その一枚一枚が水属性の防御壁で、強度で攻撃を弾くのではなく、水の抵抗で勢いを殺す類の対投擲攻撃用の防御術である。
平たく言えば、水の中に突っ込むのと同じ原理だ。
直後、全身を強く打ちつけた様な衝撃を味わう羽目になる。我ながら、他にも手はあっただろうにとツッコミを入れたい気分になった。
防御壁に突入した時点での高度は約30m、計算上では余裕をもって着地できる。問題点は痛みとずぶ濡れになる2つのみだ。
無事に接地を終え、分断された魔王に歩み寄る。
体が断裂したと言っても大まかな話であって、実際は銃弾の衝撃で破片が至る所に散らばっているので直視は少々気が引けた。普通にグロい。
しかし、血液は一滴も無く、破片も泥の塊の様である。まるで泥人形を壊した後だ。
念には念をと、剣を一本取り出して頭に突き刺す。
ビクンと上半身が痙攣し、何度か蠢いた後に糸が切れた木偶さながら静止した。
さて撤退だと踵を返した直後、ざらりと魔王の体が砂状に崩れ、中から折れた刀の切っ先が現れた。
もう一度振り返って破片を見てみる。
切っ先から物打ちの中ほどまでの短い破片であるが、仕立て直せば短刀として使えなくもない。
そして何より、それが魔王の遺骸から現れたということが気になる。
「現存する佩刀の欠片は一片だけではなかったのか?」
思わずそんな疑問が浮かび上がった。
言い伝えでは、一つの欠片は骸と共に埋葬され、残る全ては火口へと葬られたはずである。
呪いを恐れて慎重に手にとってみたが、破片自体は唯の折れた刀の様だ。
さて、こいつをどう処分したものか。
召喚の媒体として利用するのも手だが、そんな事をしてまた奴と戦うのは嫌だ。今回は裏をかけたから勝てたものの、手の内の一つが知られた今後は二度と相手をしたくない。

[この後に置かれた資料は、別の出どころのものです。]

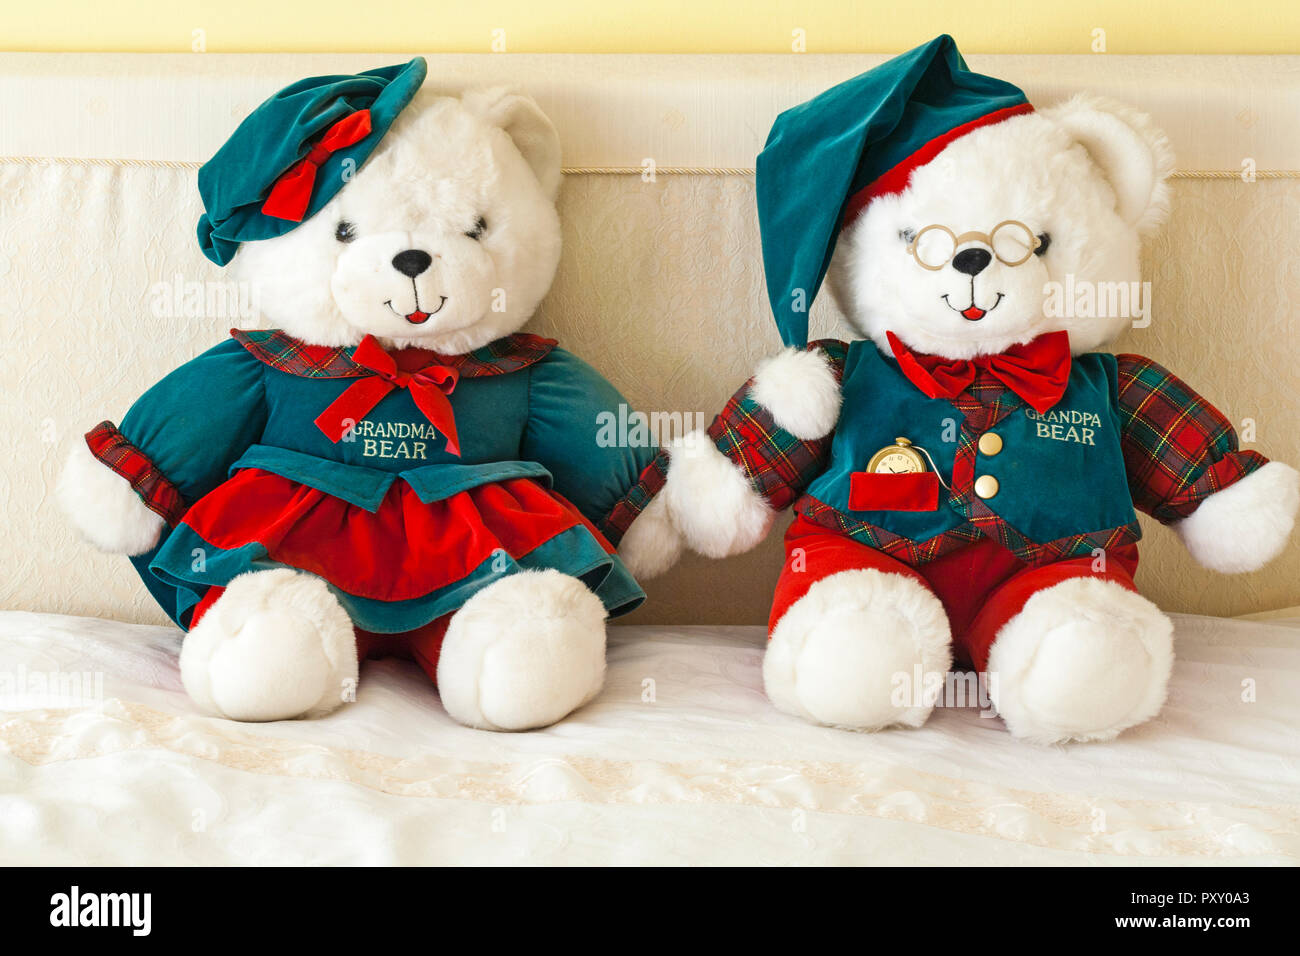 Teddybären - Großeltern limitierte Edition von DanDee - Oma und Opa Bär teddy Bären teddies weiche Kuscheltiere Stockfoto
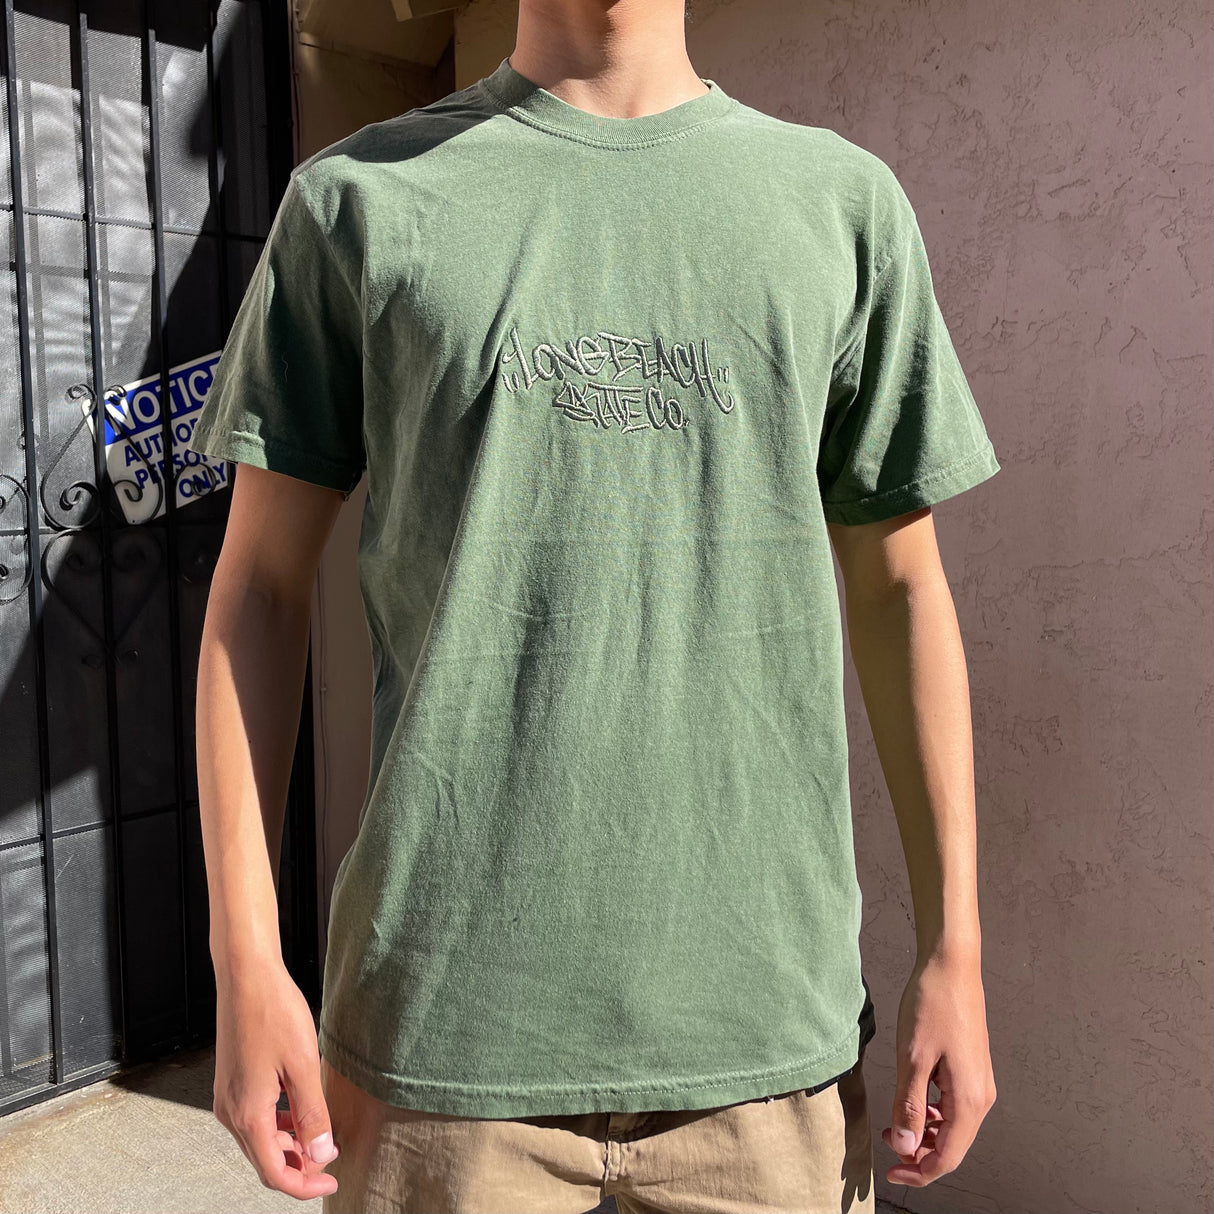 Long Beach Skate Co. Graffiti Signature Hemp Green S/s Shirt
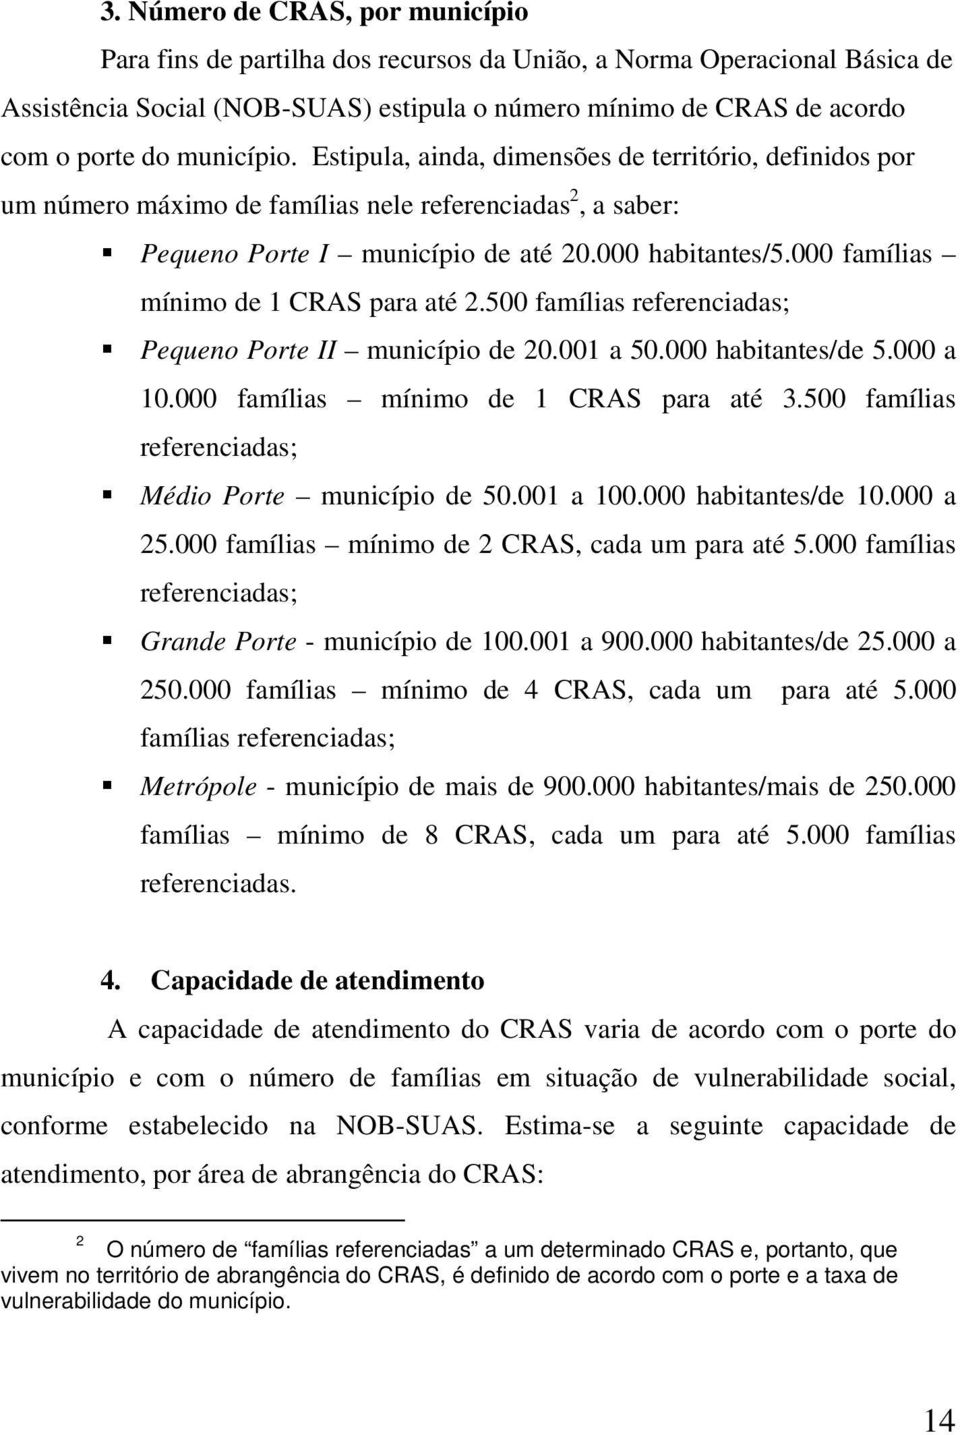 000 famílias mínimo de 1 CRAS para até 2.500 famílias referenciadas; Pequeno Porte II município de 20.001 a 50.000 habitantes/de 5.000 a 10.000 famílias mínimo de 1 CRAS para até 3.
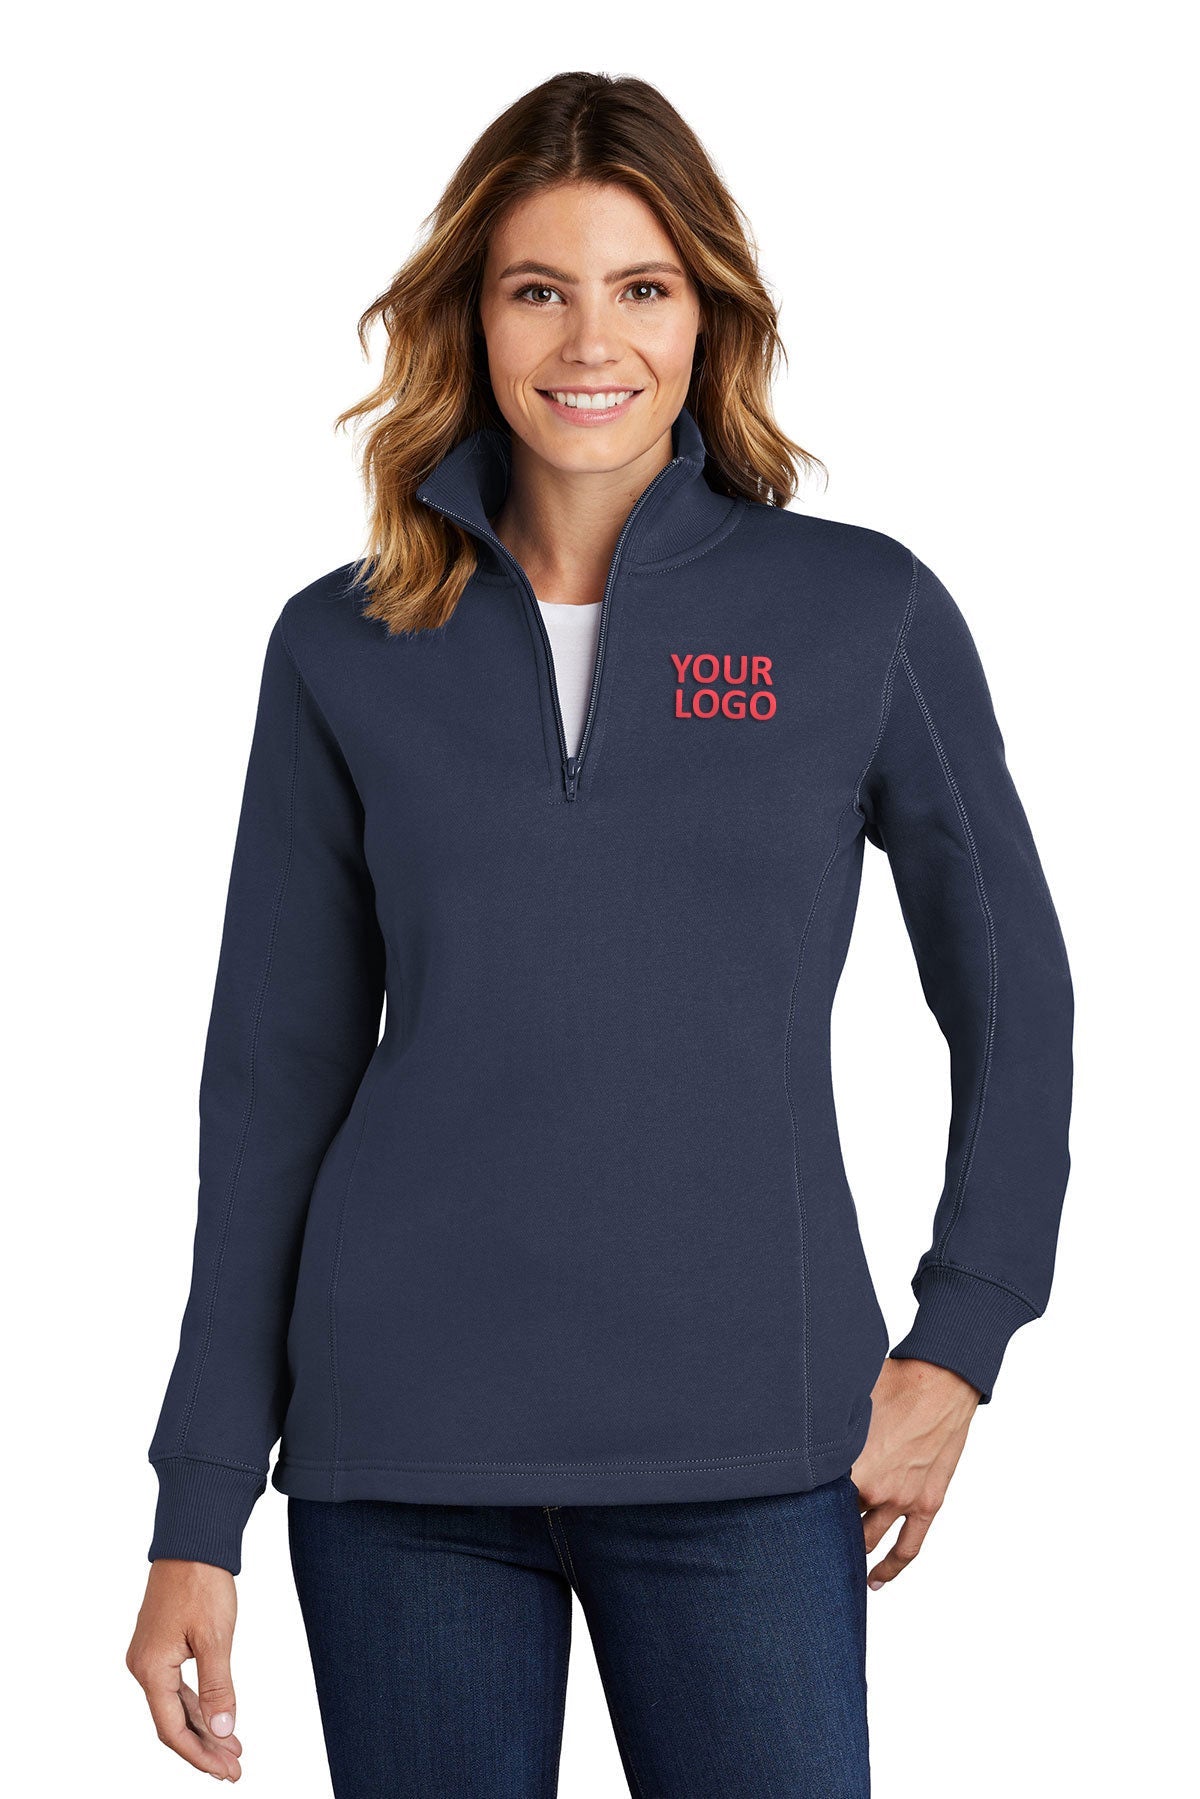 Sport-Tek Ladies Customized 1/4-Zip Sweatshirts, True Navy

・・・まあ、今は隠し持っていて、必要に迫られたら出すのが得策か。
適当な布を取り出して手早く包んでからマスターたちを追って結界を出た。
二人とも焚き火の跡地近くに居たが、シロ君はまだ目を覚ましていなかった。
「やあフォックス。戦果はどうだったかい?」
マスターは貧血の様に青い顔のまま手を振っている。オレが帰って来た事から勝利を確信したようだ。
いつもより少し上機嫌に見える。
「並のサーヴァントでは勝てなかっただろう。流石はマスターだ、良い戦力を引き当てたものさ」
「それは自画自賛ってやつ?」
「まさか。他の誰かを褒めることはあっても、それだけは有り得んよ」
吐き捨てる様に言うと、流石の彼女もしまったという顔をした。
隠していても、オレが無事に戻ってきた事を喜んでくれているらしく、それは素直に嬉しい。
「いや、こちらこそすまなかった」
「ええっ⁉︎何でフォックスが謝るの?」
可憐な顔をポカンとさせているので、思わずその額を指で小突いてしまった。
彼女は、オレの突然の行動に先ず戸惑いを見せ、それから口を尖らせて拗ねる。
「・・・・何さ」
「深い意味は無い、ほんの出来心だ」
面白いので、続け様にもう二、三度突いた。
「だーかーら!」
「すまないな、マスター。強敵に勝って、どうも少しばかり浮かれている様だ」
「それで私の頬を突くのは止めてほしいんだけど」
「まあ、そう言うな」
最後にワシャワシャと頭を撫で回してからシロ君を肩に担いだ。